> WORK TASK
The answer must give back every line of the data exactly, with no pictures.

START DATASET CONTENT

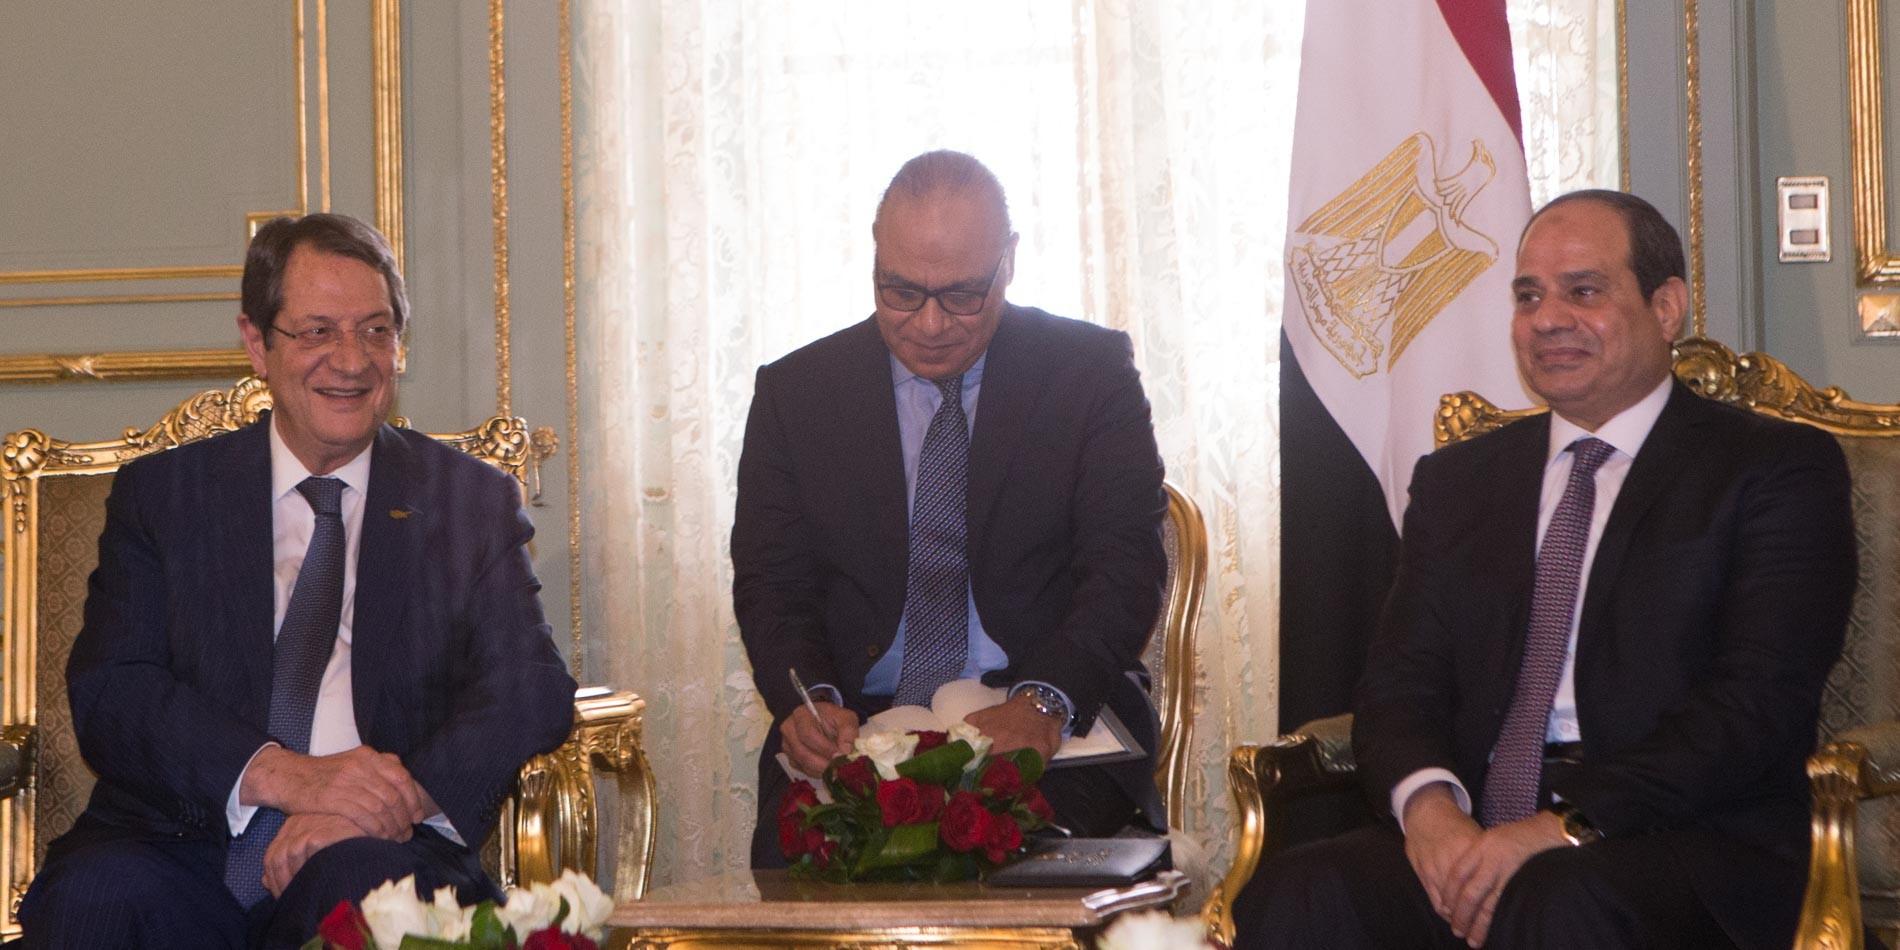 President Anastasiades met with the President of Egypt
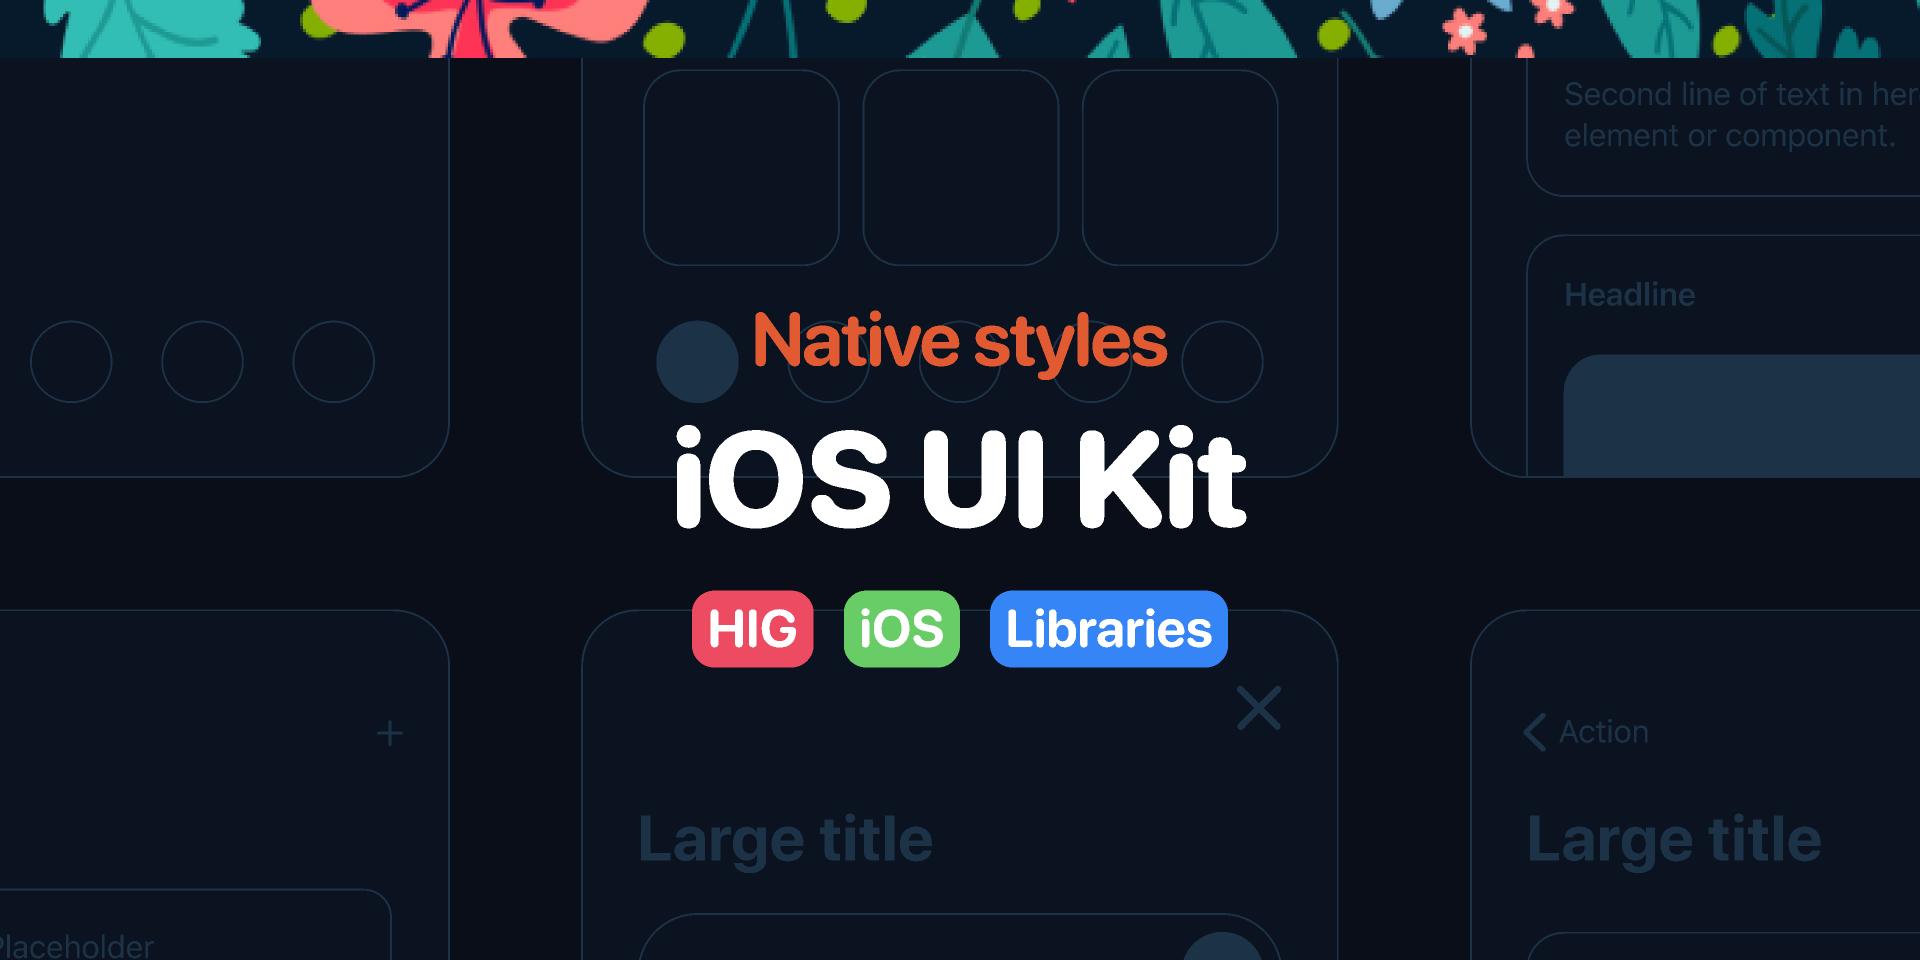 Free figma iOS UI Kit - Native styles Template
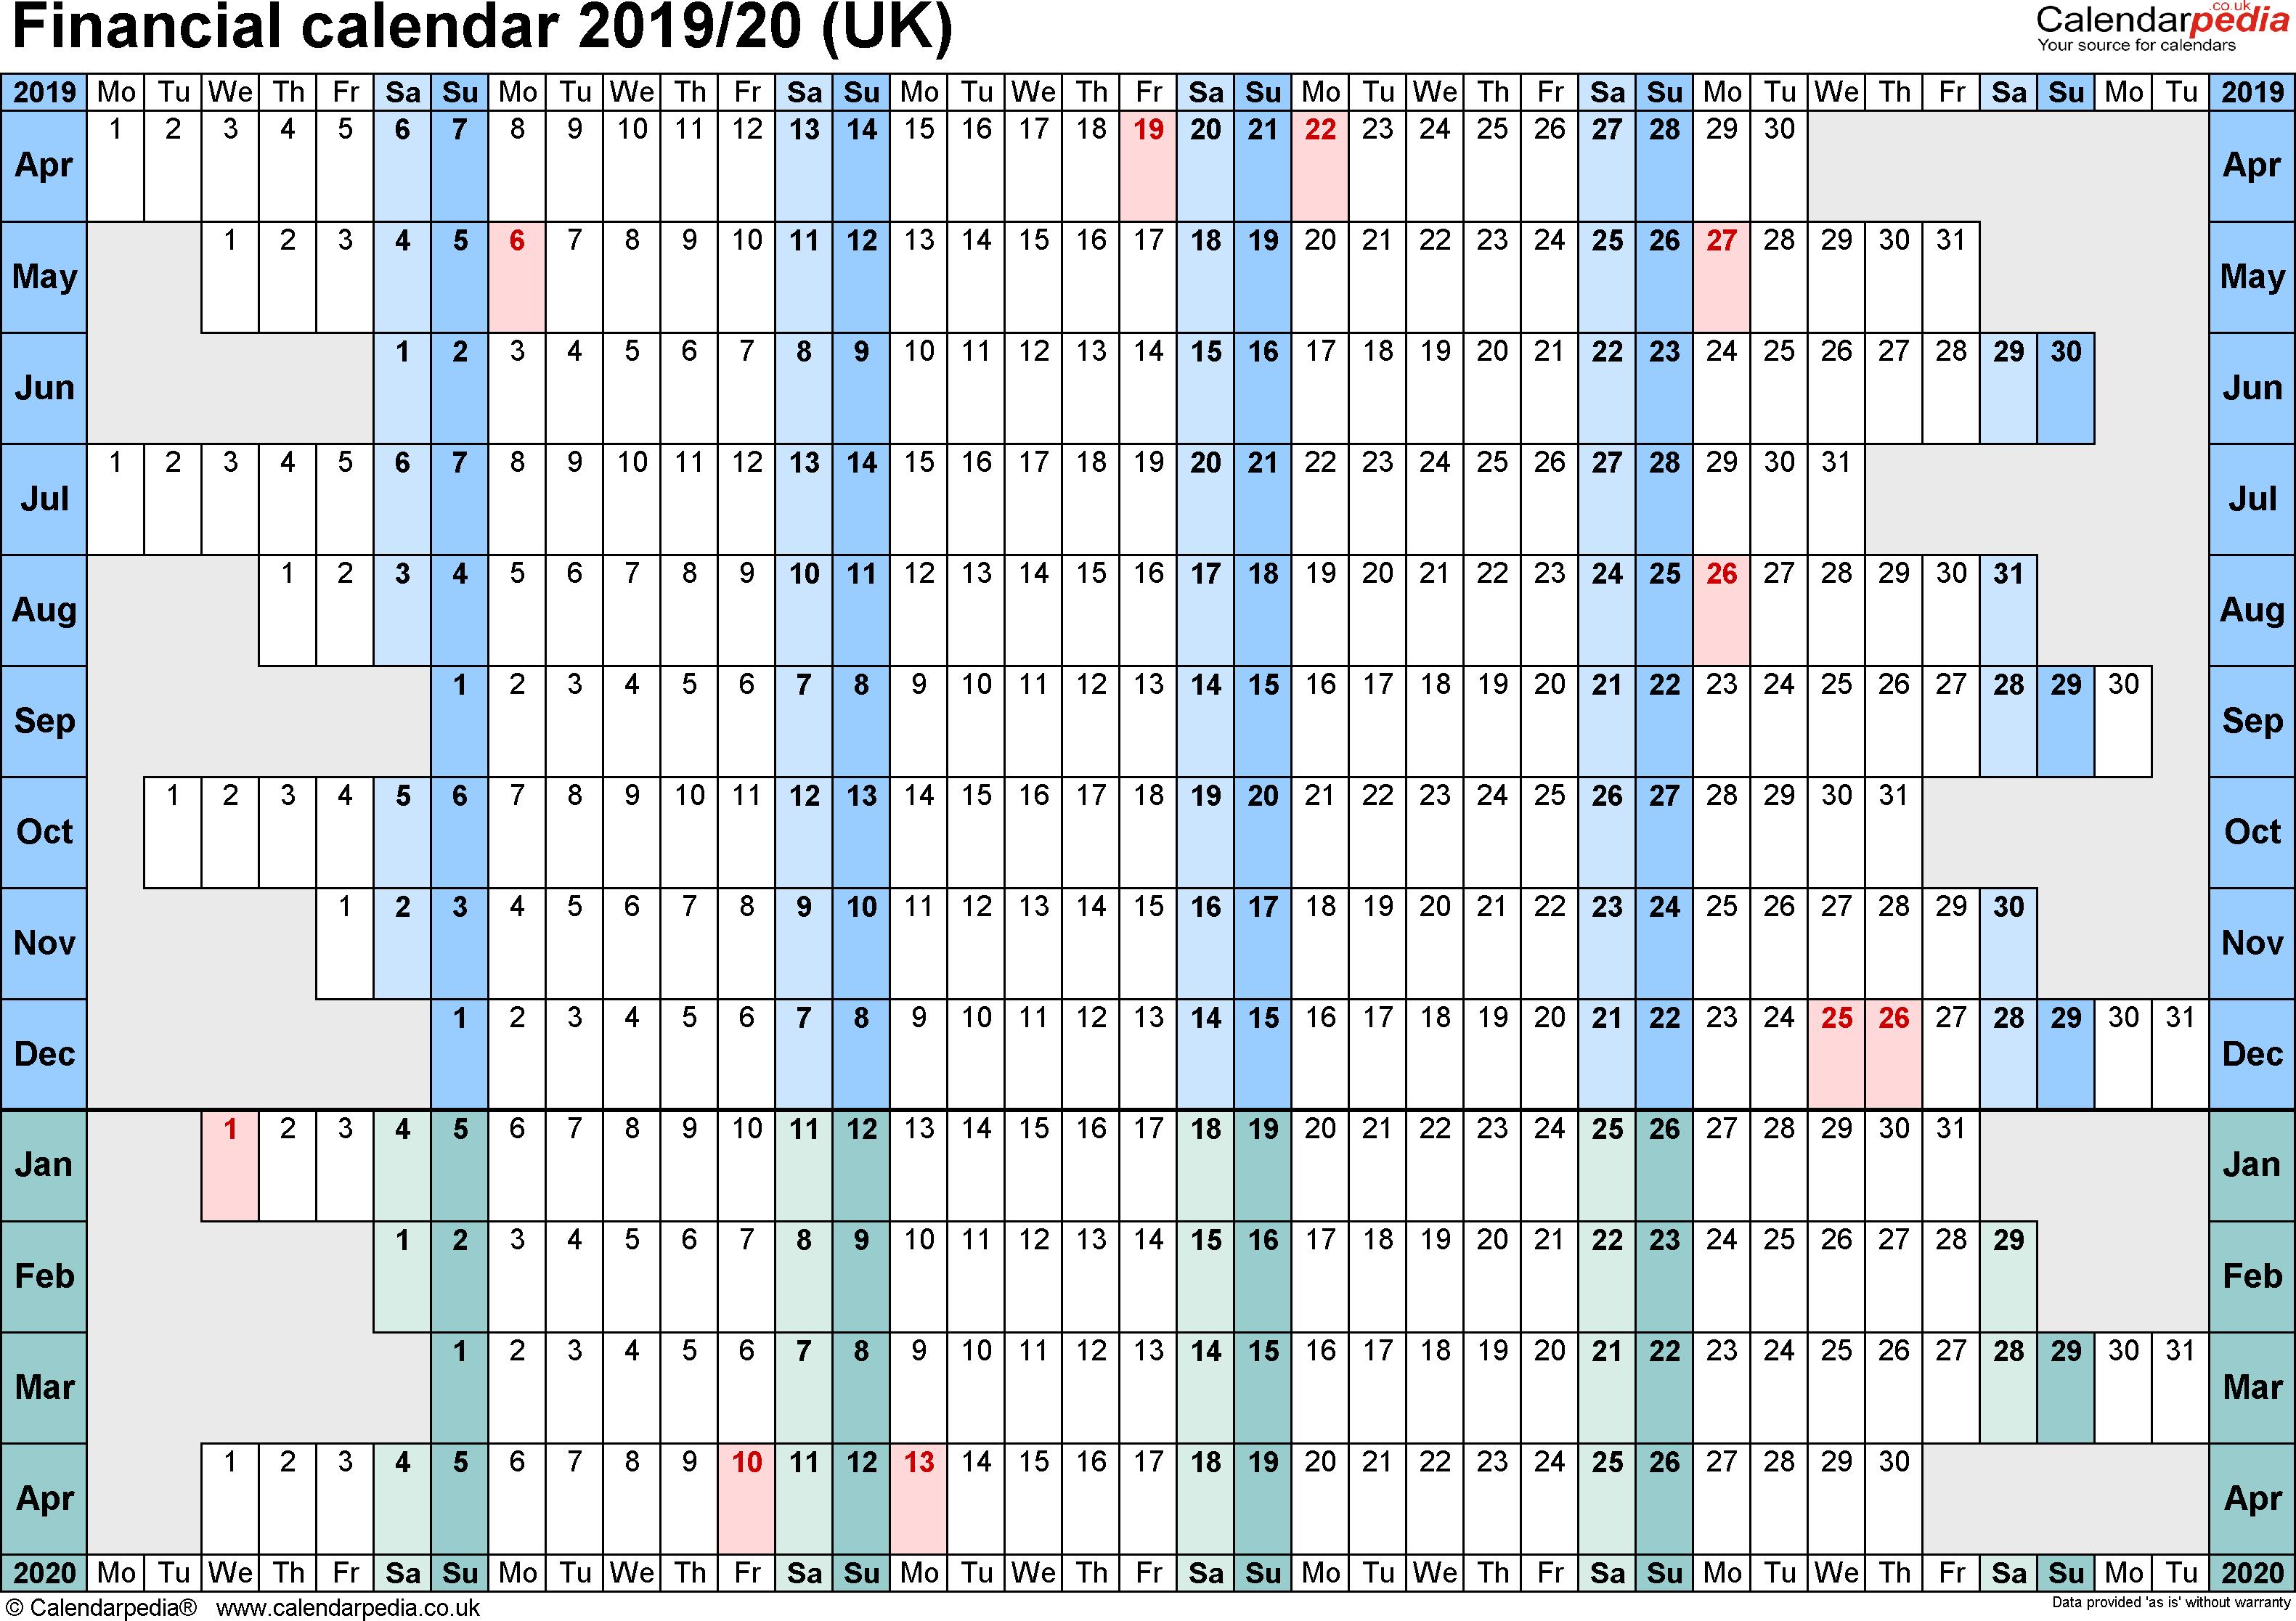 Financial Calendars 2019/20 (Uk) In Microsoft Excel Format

END DATASET CONTENT

> FINAL ANSWER
 President Anastasiades met with the President of Egypt
 Free figma iOS UI Kit - Native styles Template
 Financial Calendars 2019/20 (Uk) In Microsoft Excel Format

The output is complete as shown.